What are we missing out on with the cancelled tax cuts? Another $1b a year – a fair bit – but only one quarter of the total package.

Total tax cuts for different income earners

Someone on $30,000 (not getting WFF)

  • National’s total package – $1,560 a year
  • Labour’s total package – $1,130 a year
  • Tax cuts delivered to date – $1,140 a year

So someone on $30,000 (not getting WFF) has already got in tax cuts more than they would have got from Labour’s total package – but miss out on a further $420 a year.

Someone on $50,000

  • National’s total package – $2,420 a year
  • Labour’s total package – $1,670 a year
  • Tax cuts delivered to date – $1,820 a year

So someone on $50,000 has already got in tax cuts more than they would have got from Labour’s total package – but miss out on a further $600 a year.

Someone on $100,000

  • National’s total package – $3,620 a year
  • Labour’s total package – $2,870 a year
  • Tax cuts delivered to date – 2,720 a year

Interestingly it is only the so called rich pricks on $100k who have recieved less to date in tax cuts than they would have from Labour’s total package.
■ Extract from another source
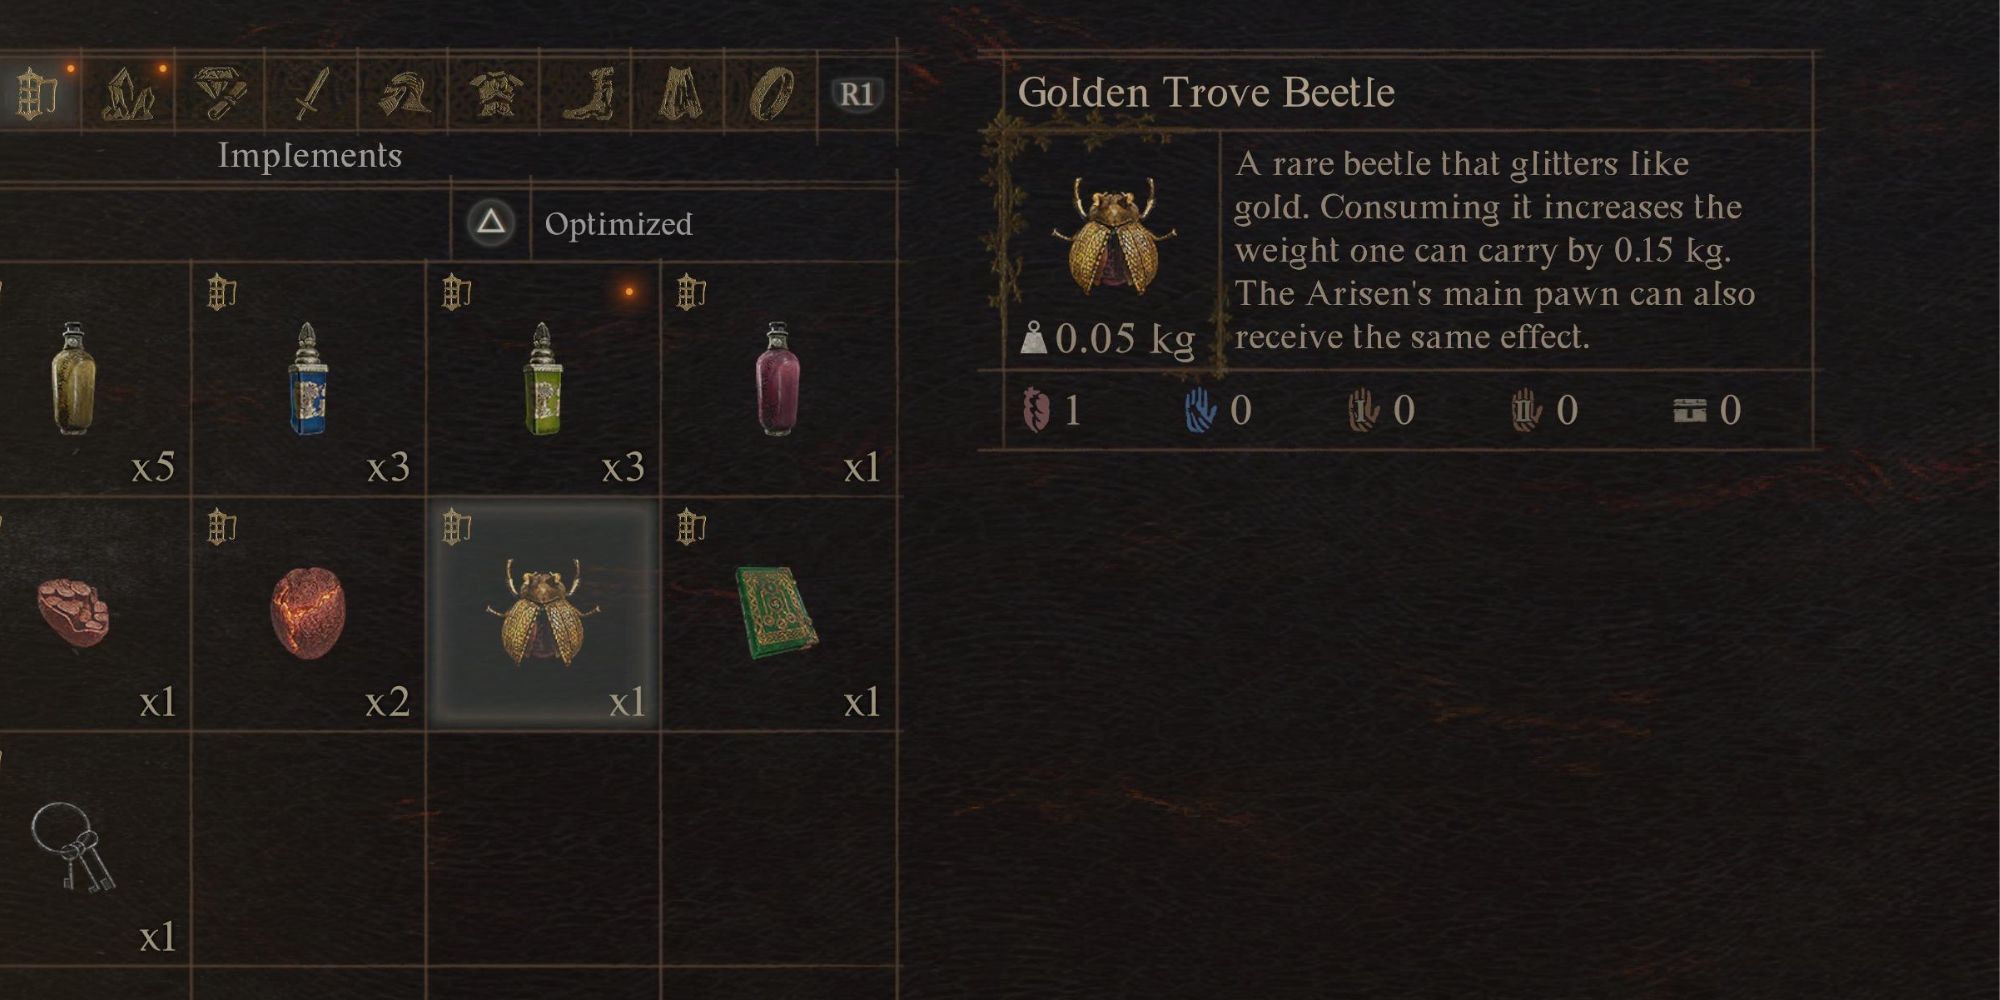 Golden Trove Beetle in Dragon’s Dogma 2

So remember these facts, when you hear myths:

  1. National has not borrowed for tax cuts. National’s additional April 2009 tax cuts of $1.292 billion a year was offset by $1.429 billion of expenditure reductions.
  2. Future tax cuts were promised by both Labour and National, and were both around $1b – $1.271 Lab and $1.010 Nat.
  3. Labour’s future tax cuts were worth $1,410 for someone on $100k and National’s future tax cuts $900 for someone on $100k.
  4. By having an additional round of tax cuts in April 2010 (when the economy most needs it as a stimulus), National has delivered in six months greater tax cuts than Labour were going to deliver over three years.